We use two common dorm room heat sources - a microwave and an electric kettle - to show you how to make yourself a meal without a pot or a stove. There might be a bit of trial-and-error at first, but once you get the hang of cooking ramen like this, you might not go back when you get access to a stove again.

Step 1: Arrange Your Ingredients

First, choose a container to cook the noodles in. It should be big enough to accommodate the amount of water you want to add without the risk of spilling over. In order to save the hassle of too much clean-up, you can just use whatever bowl or vessel you're planning on eating out of. This is one of the big advantages of not using a traditional stovetop method to cook the ramen. Only one dish!

After selecting the vessel, add the noodles and flavor packet contents. If you're using an electric kettle, move on to the next step. If you're going to be using the microwave, add the amount of water you want to use. Add more for soupy ramen, and less if you prefer a stronger flavor and less broth. Cover your vessel using its lid, a plate or saran wrap. Just make sure that you leave a little vent for steam to escape through so it doesn't explode and make a mess.

Step 2: Apply Heat

Unless you like eating the noodles dry, this is the essential step. The key is to keep the hot water - and the steam it creates - as close to the noodle brick as possible. If you're cooking in the microwave, you'll already have put a lid of some sort on your cooking vessel to keep the steam in. Set the microwave cooking time for 3-5 minutes. You might want to err on the side of caution the first time you try this out, but after a couple of attempts, you'll figure out the right amount of time.
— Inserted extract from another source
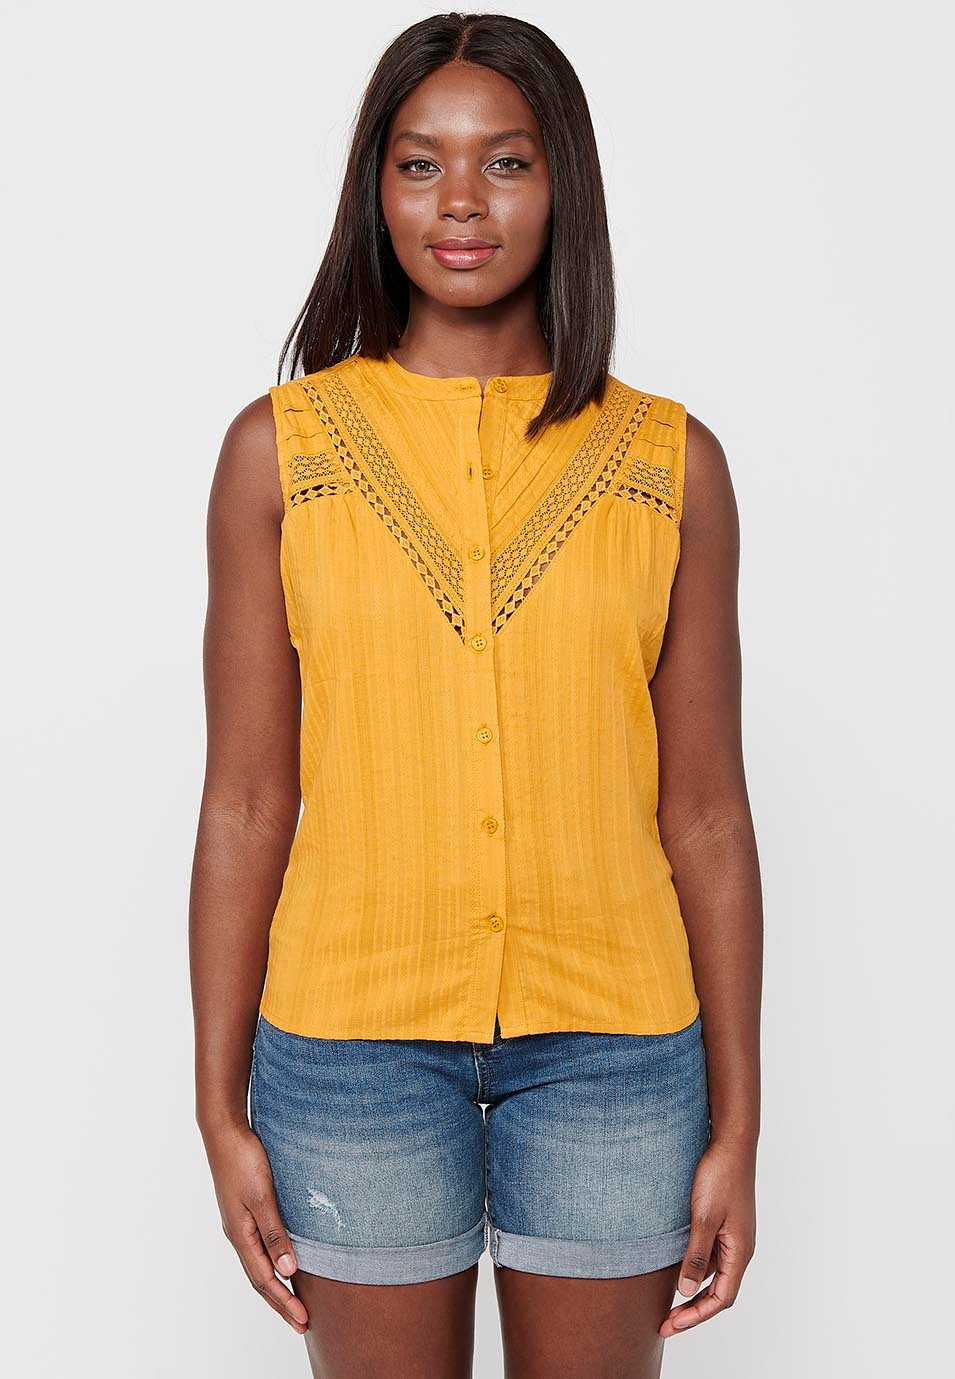 Sleeveless Cotton Blouse with Round Neck and Front Closure with Buttons and Embroidered Details in Mustard Color for Women 1

If you're using an electric kettle, let the water come to a boil and then pour it into the vessel. Quickly (and without burning yourself) add a plate, lid or layer of saran wrap over the top of the bowl or container so you can trap the heat in. The noodles will cook in the hot water, and the lid will keep the heat where it needs to be.

Note for Electric Kettle Users

It is strongly recommended that you don't put the noodles directly in the kettle. Cooking the noodles directly in the pot creates the risk of boiling over, which is both potentially dangerous and messy. Additionally, these kitchen tools were made for one purpose (boiling water), and you might end up ruining your kettle with pasta residue. Even though these small electronics are typically pretty affordable, it's not very frugal to buy a new one every few months.

Step 3: Let It Sit

If you've cooked the noodles in the microwave, check quickly to make sure everything is nice and steamy in the container, and then replace the lid and let it sit for a minute or two. If it's gotten hot enough to cook, you're not going to want to eat it right away. Plus, letting it sit makes sure that the noodles get nice and soft.

Electric kettle users will want to let the noodles and hot water sit a bit longer, since cooking starts once the boiling water is added to the mix. The lid you put on your vessel will help the noodles stay warm until you want to eat them. Don't let it sit too long, or it will get cold and mushy. But five minutes or so should do the trick. If they're not ready when you check them, just replace your lid and wait another couple of minutes.